▸ **DATASET**:
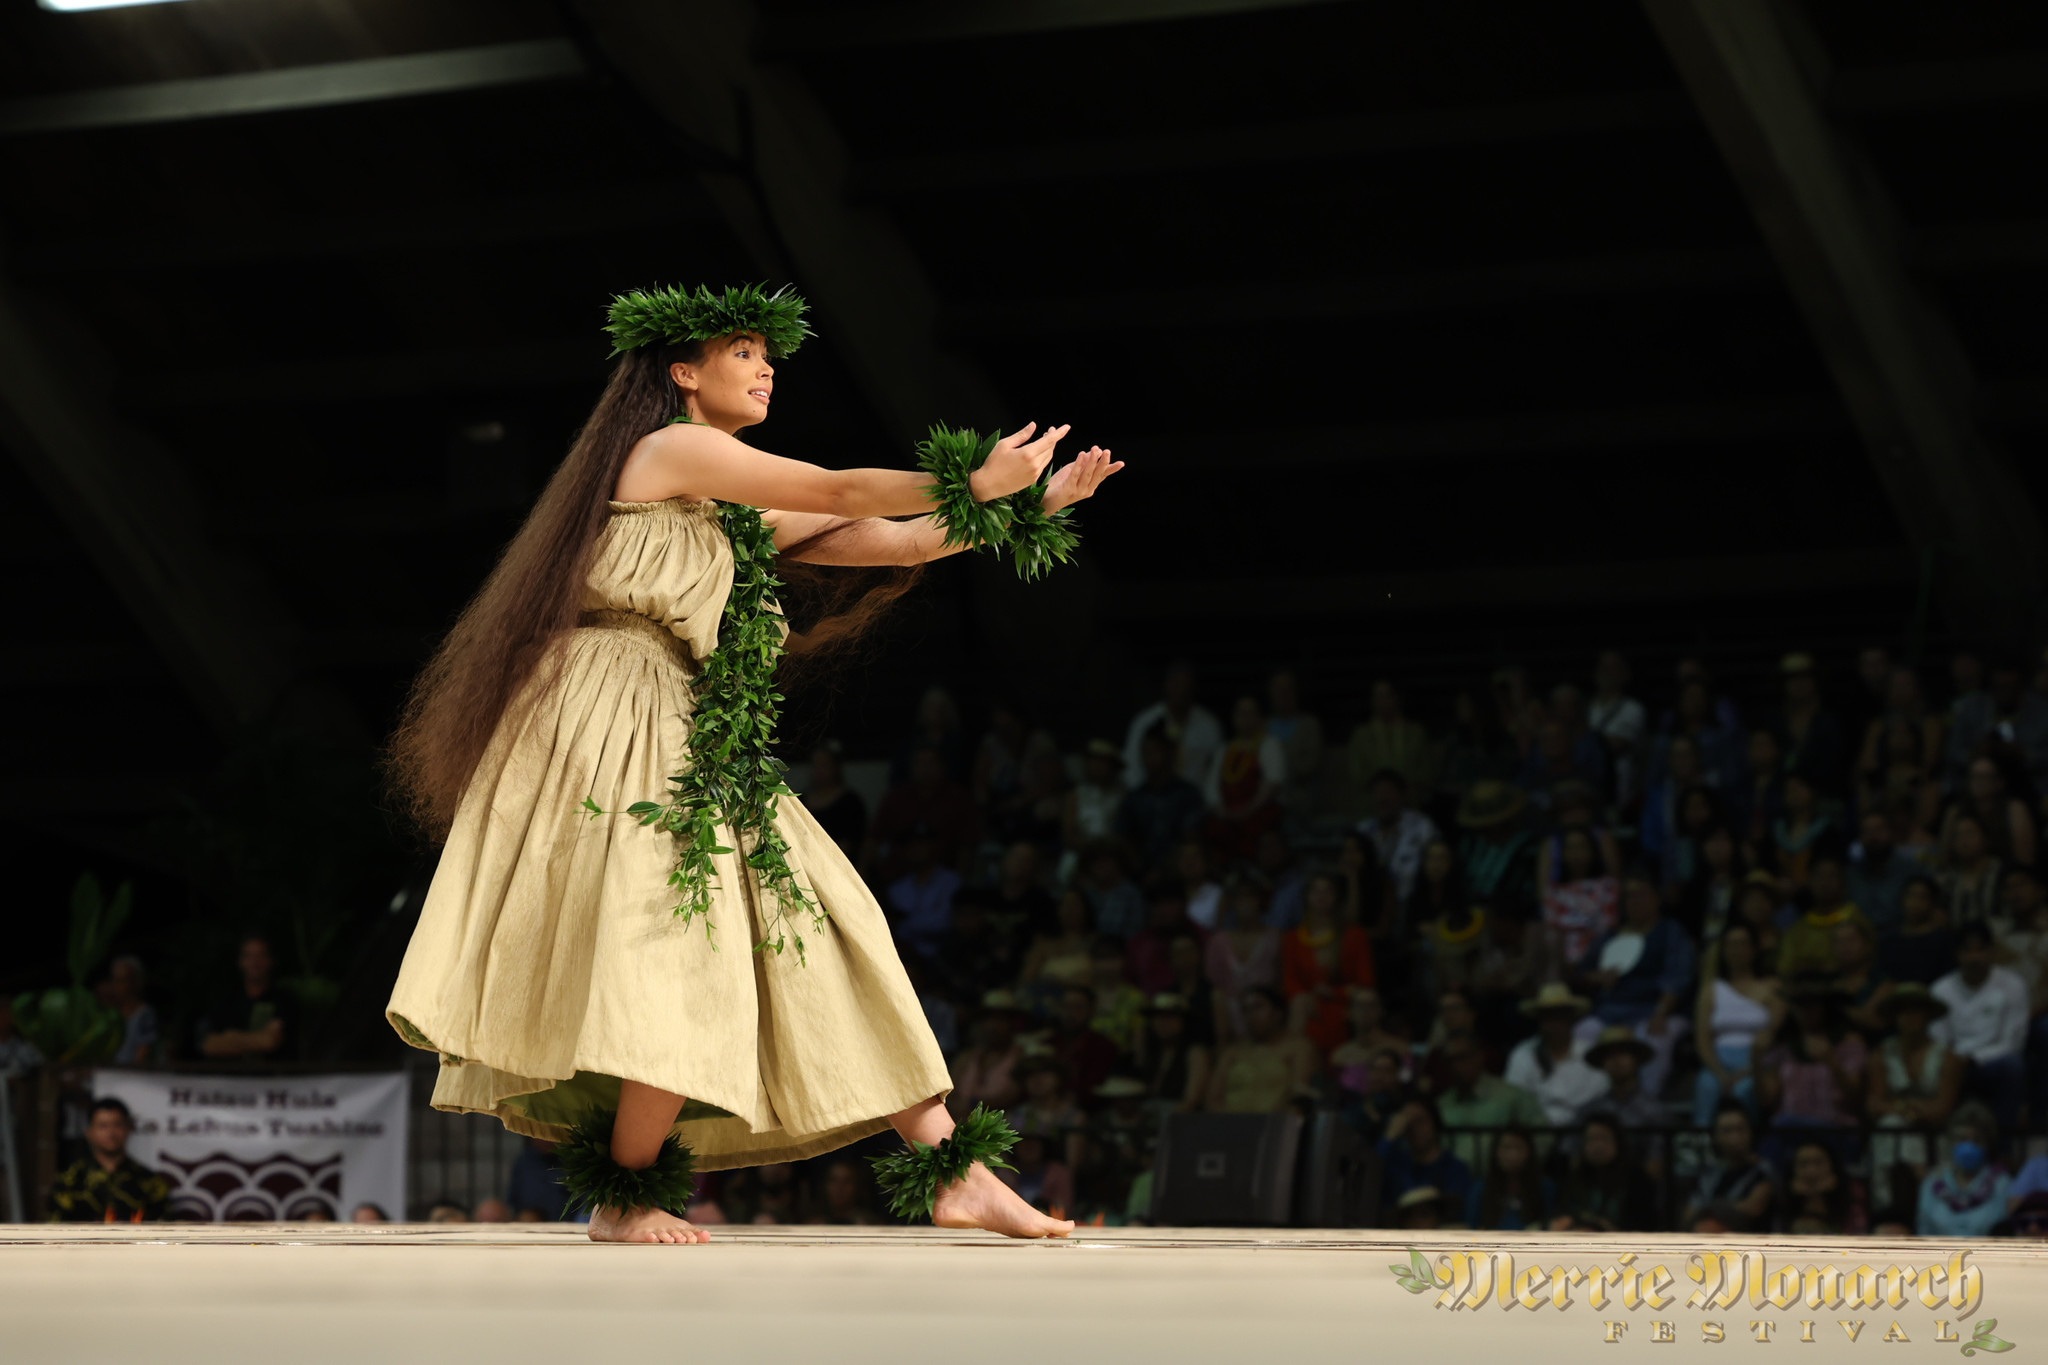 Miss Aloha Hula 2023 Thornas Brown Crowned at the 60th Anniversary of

==

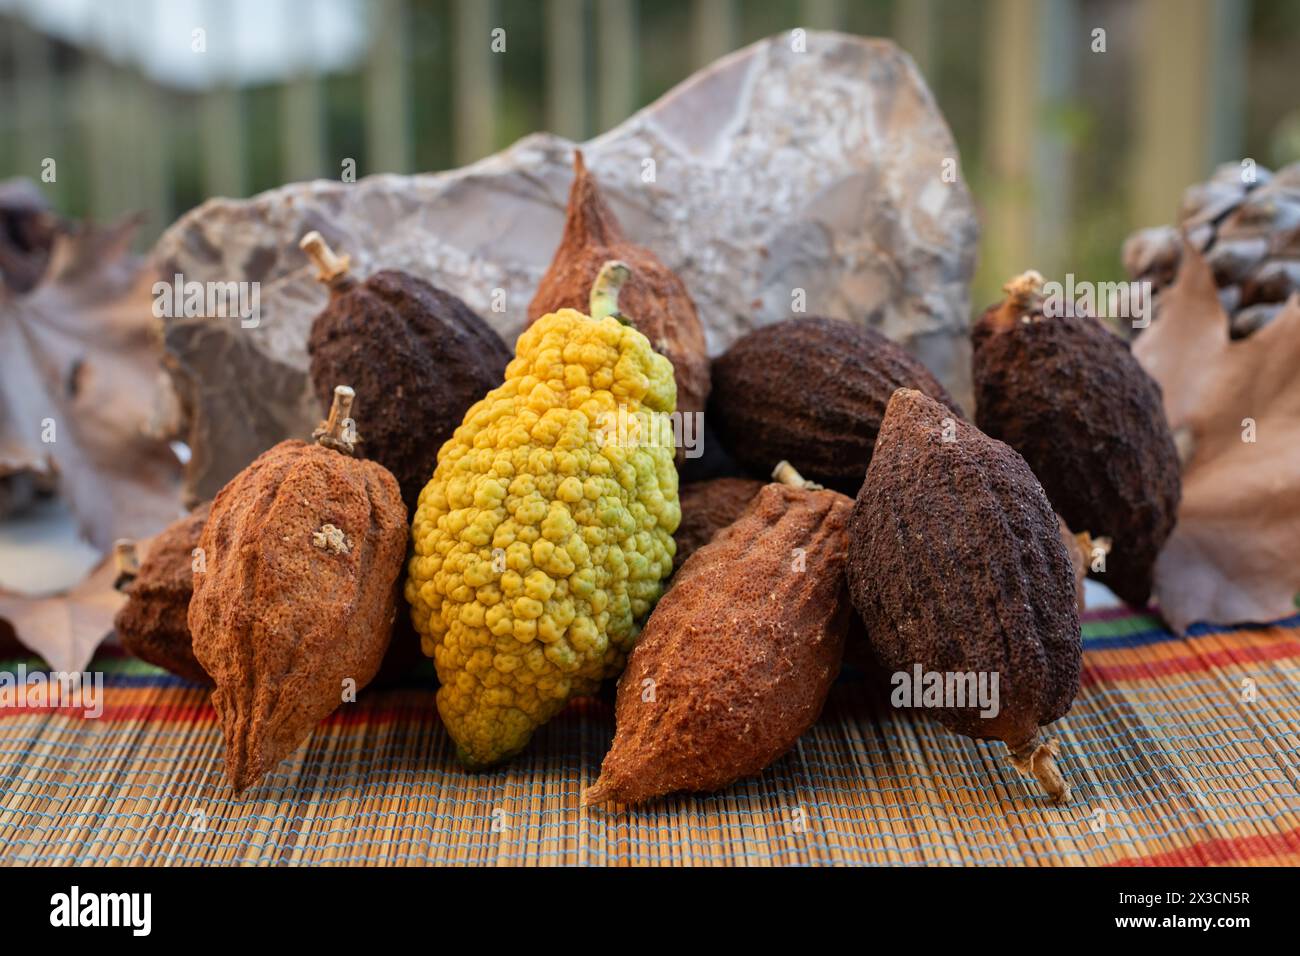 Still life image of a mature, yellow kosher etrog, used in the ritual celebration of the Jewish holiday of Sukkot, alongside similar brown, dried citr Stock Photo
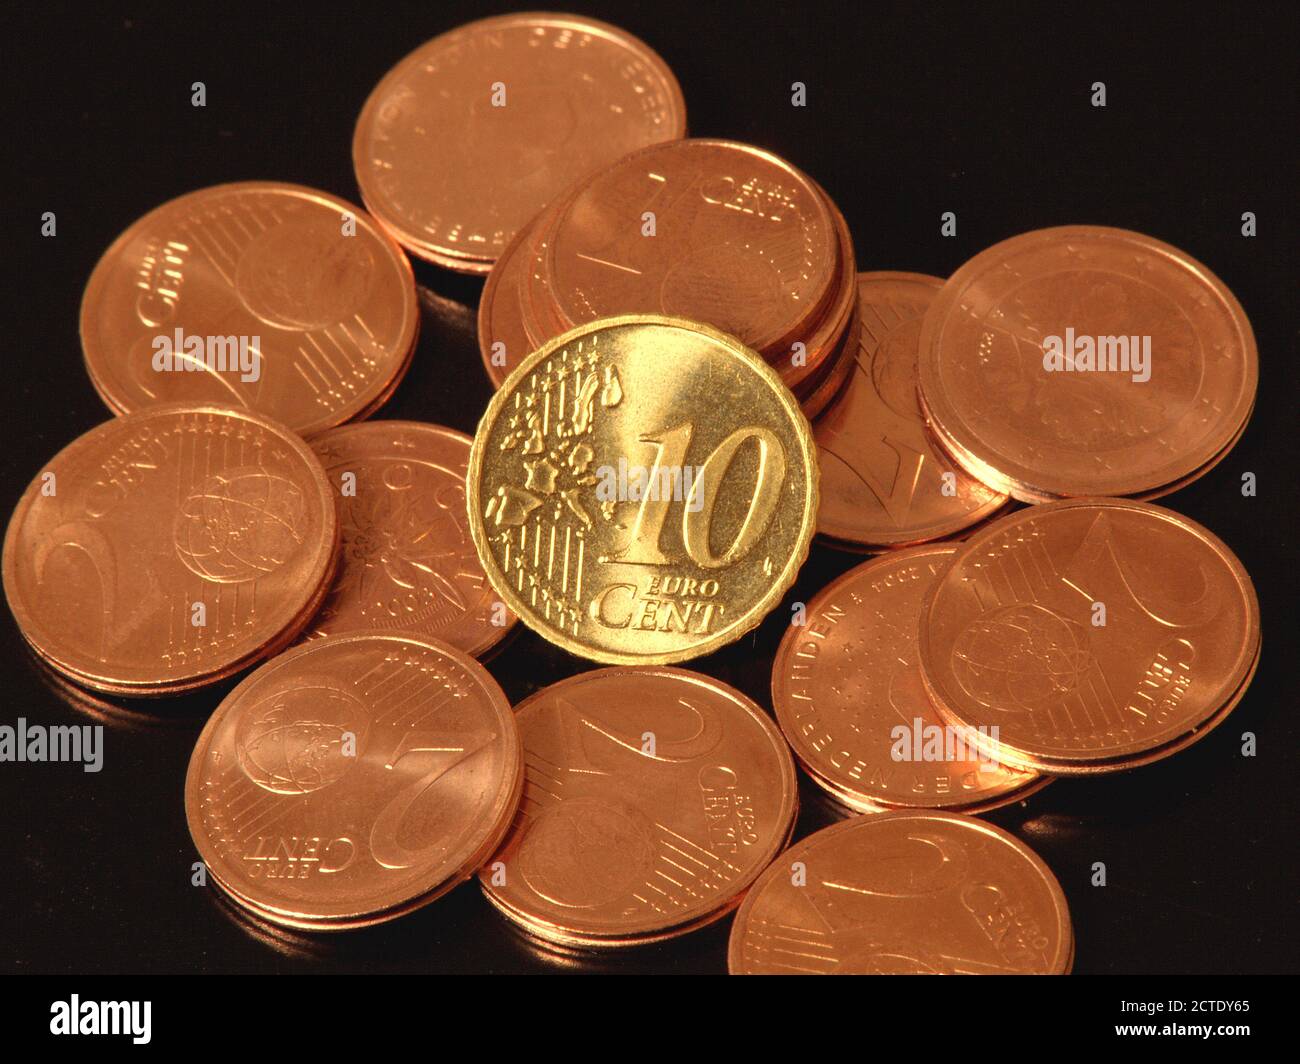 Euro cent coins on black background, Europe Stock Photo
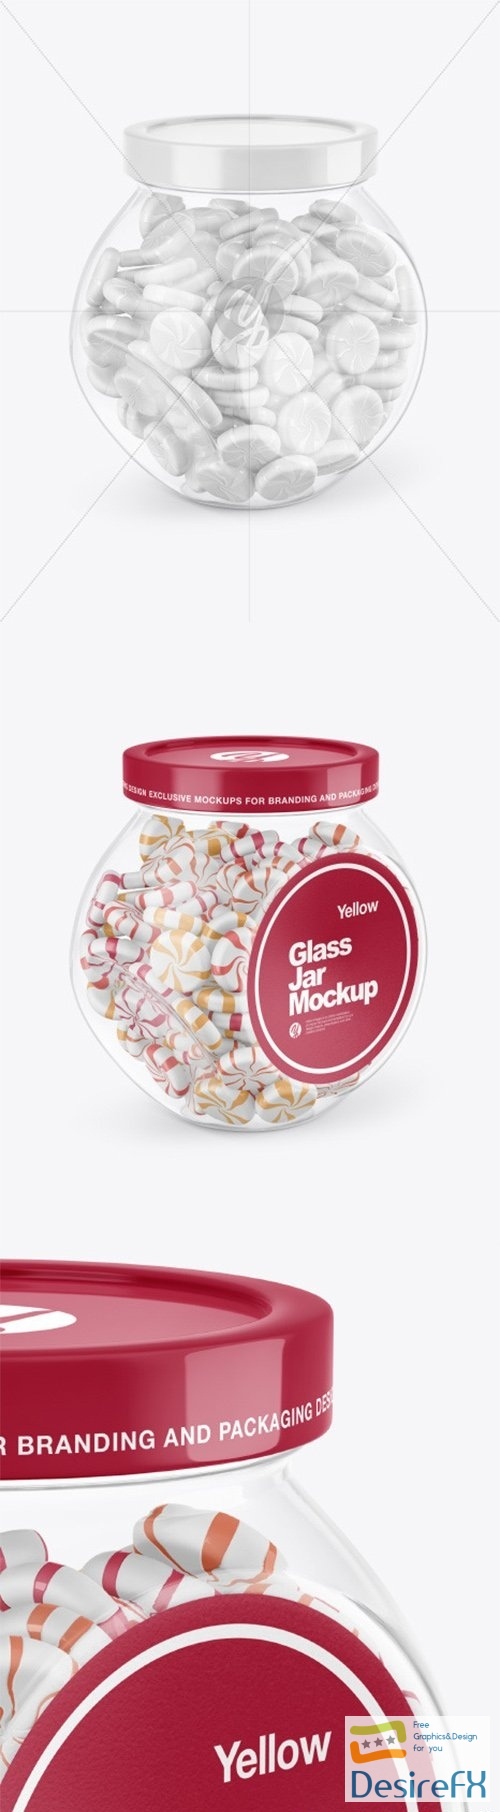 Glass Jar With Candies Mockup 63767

▸ **EXERCISE**: Within the material above, find the part that opens with the line containing "Still life image" and closes with the line containing "Glass Jar With Candies Mockup 63767", and reproduce it exactly without the pictures.

▸ **ANSWER SPACE**:
 Still life image of a mature, yellow kosher etrog, used in the ritual celebration of the Jewish holiday of Sukkot, alongside similar brown, dried citr Stock Photo
 Euro cent coins on black background, Europe Stock Photo
 Glass Jar With Candies Mockup 63767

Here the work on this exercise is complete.